NORFOLK — It was pandemonium in Lincoln. The final seconds were ticking off the clock in Pinnacle Bank Arena and the Norfolk Panthers were set to win their first boys state basketball championship since 1987.
Faces in the crowd were screaming, high fiving, and moving to the beat of ‘Jump Around’ by House of Pain. Ben Ries, the architect of the foundation of the 2017 Norfolk team, smiled and gave a thumbs up. Then it was back to work.
“I just also remember talking to our students and our administrative team about making sure we’re classy, and win this the right way, and be respectful of our opponents,” Ries said.
Ries, the Norfolk High Activities Director, did crowd control and congratulated the coaches right after the win. If this were one year earlier, he would have been hugging players and handing out medals as the team’s head coach.
But Ries stepped back from basketball after the 2016 season, despite having a group of seven seniors returning on his roster.
“It was challenging to leave that group behind because I knew how talented they were, but I also had to measure that against this is an opportunity that doesn’t come along very much,” Ries said. “And as much as I love basketball, I love Norfolk High School just as much.”

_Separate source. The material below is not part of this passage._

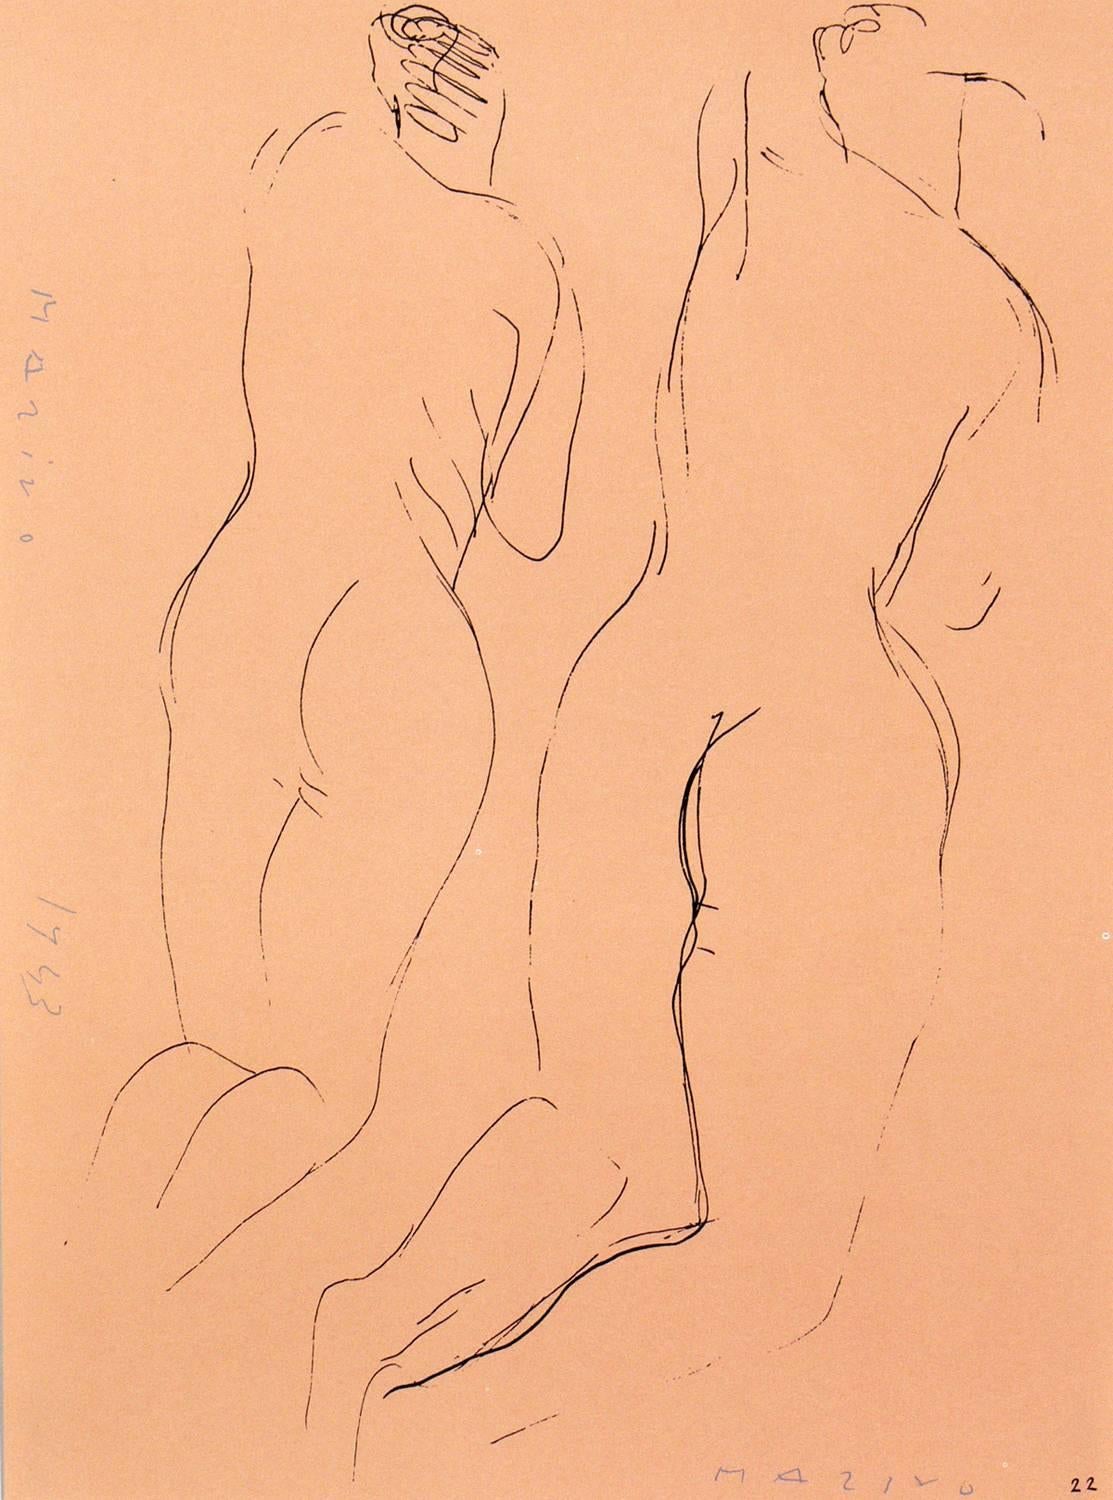 Paire de lithographies de nus figuratifs de Marino Marini, provenant du portefeuille de Marino Marini, imprimées par Carl Schünemann, Allemagne, vers 1968. Ils ont été encadrés dans des cadres de galerie en laque noire aux lignes épurées.
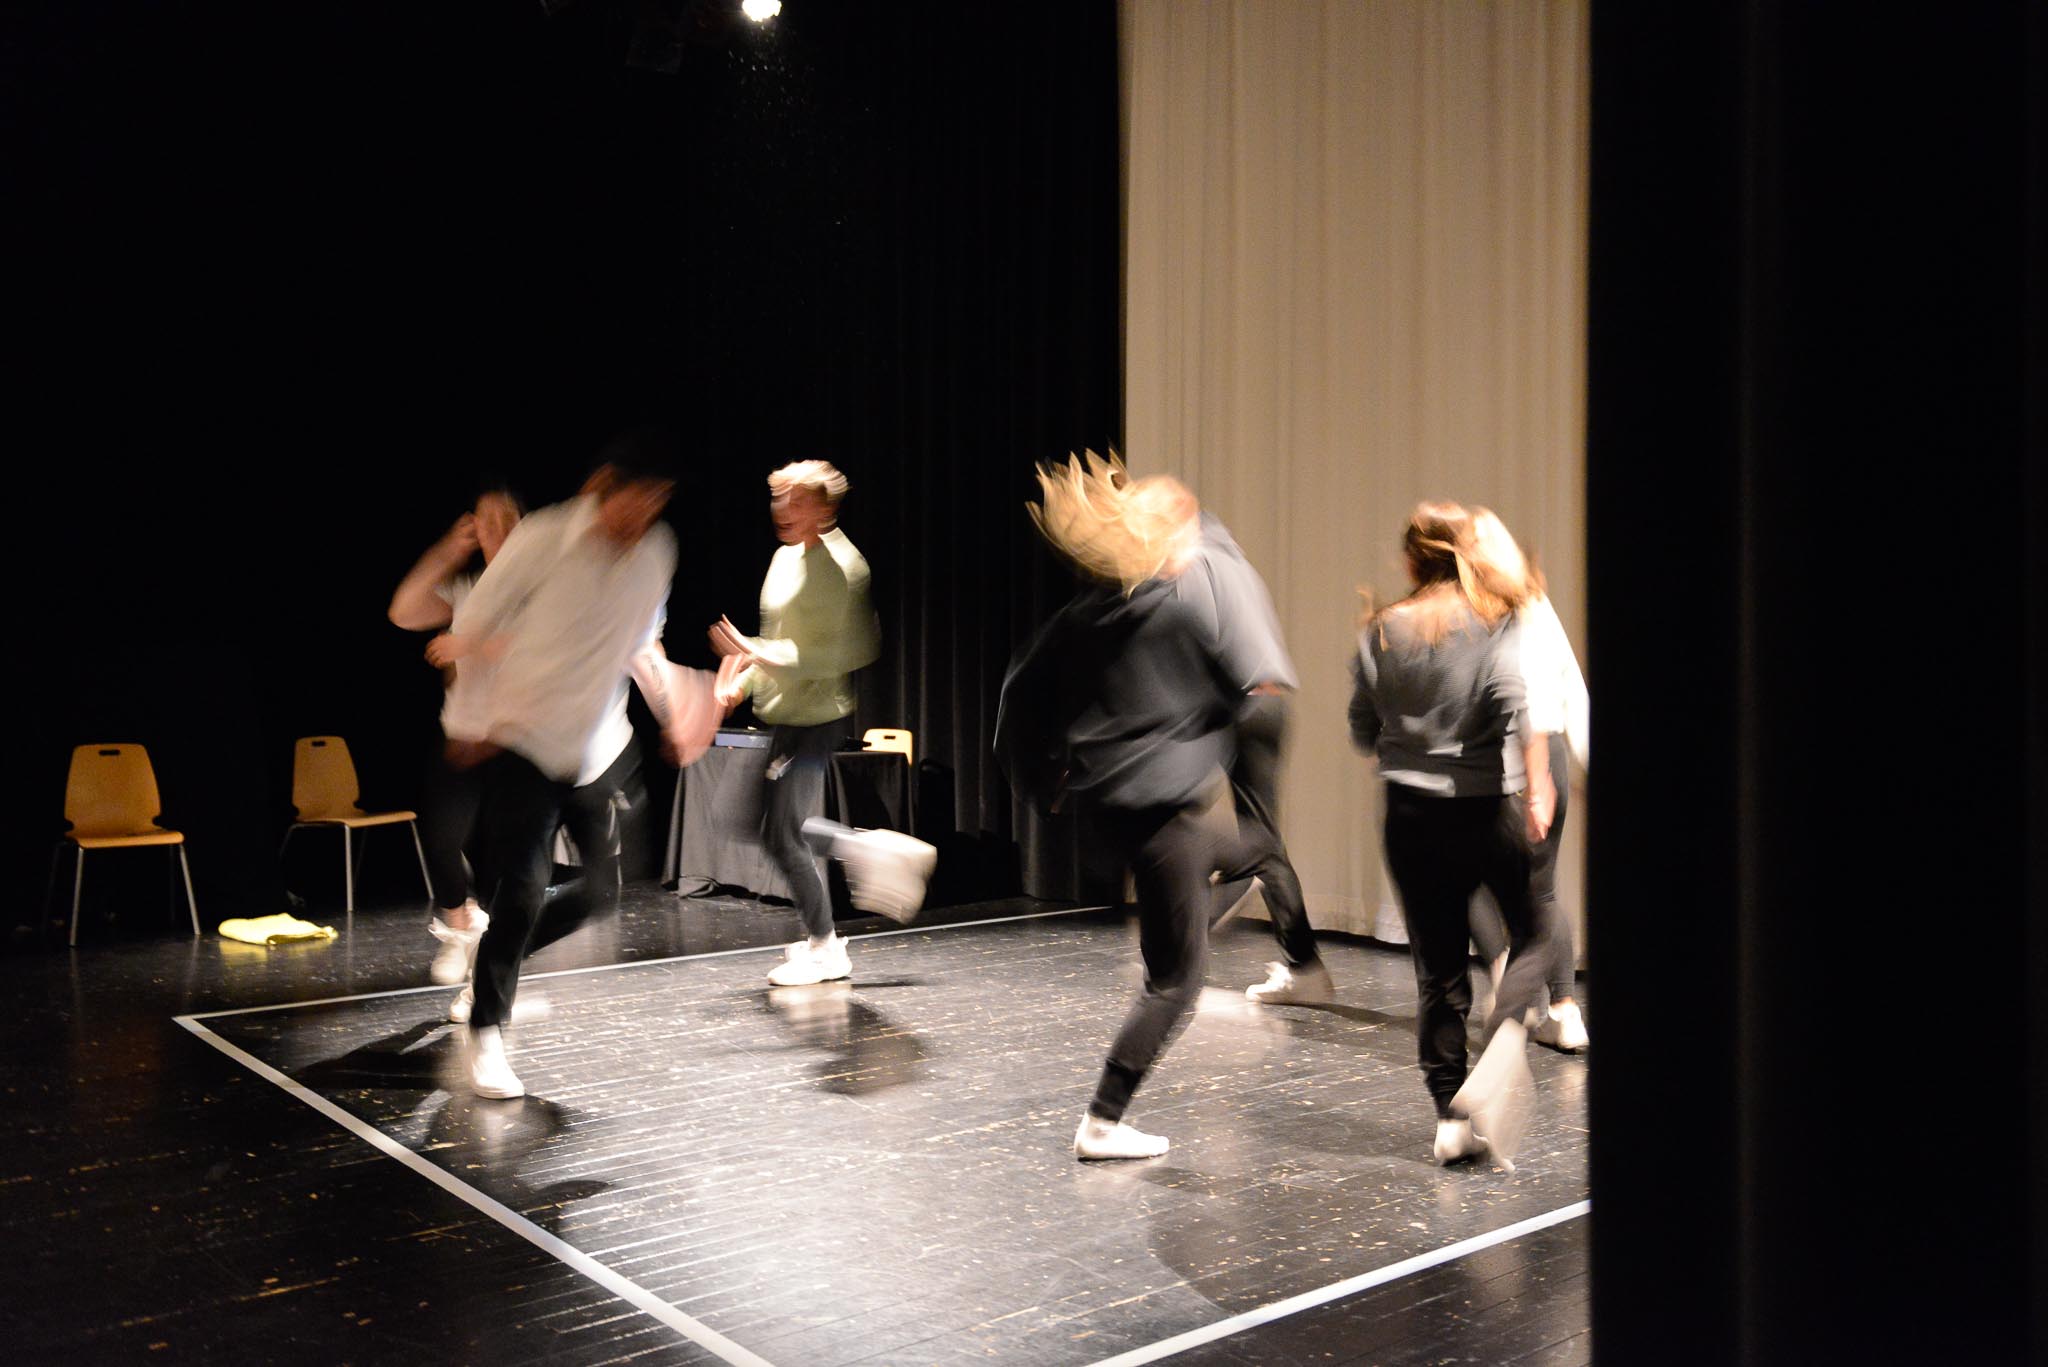 En gruppe personer danser på en scene.

And that love for the school was evident as he was quick to point out the efforts of the cheerleaders, dance team and student section. So it wasn’t a bittersweet moment on Saturday. In fact, it was a reflective one.
“I had a chance to just reflect and think about what a great road it was for our program over the last 14 or 15 years,” Ries said. “It was really gratifying for me to just watch the whole big picture of everything that had come together in those last few moments.”
He was also quick to highlight the advantage provided by his successor, Tony Siske’s, calm and confident demeanor. And Siske’s humble nature was on display when talking to media postgame.
“Coach Ries has done a great job building the Panther program and this is a result of his hard work,” Siske said in the postgame press conference.
So while Siske and the players faced the cameras, the man who put the pieces in place for a championship run, was off celebrating with his family.
“It’s tough for coaches and administrators because we’re highly invested in what’s happening with our school and our respective programs that when you get those opportunities to see your kids and family it’s really gratifying,” Ries said.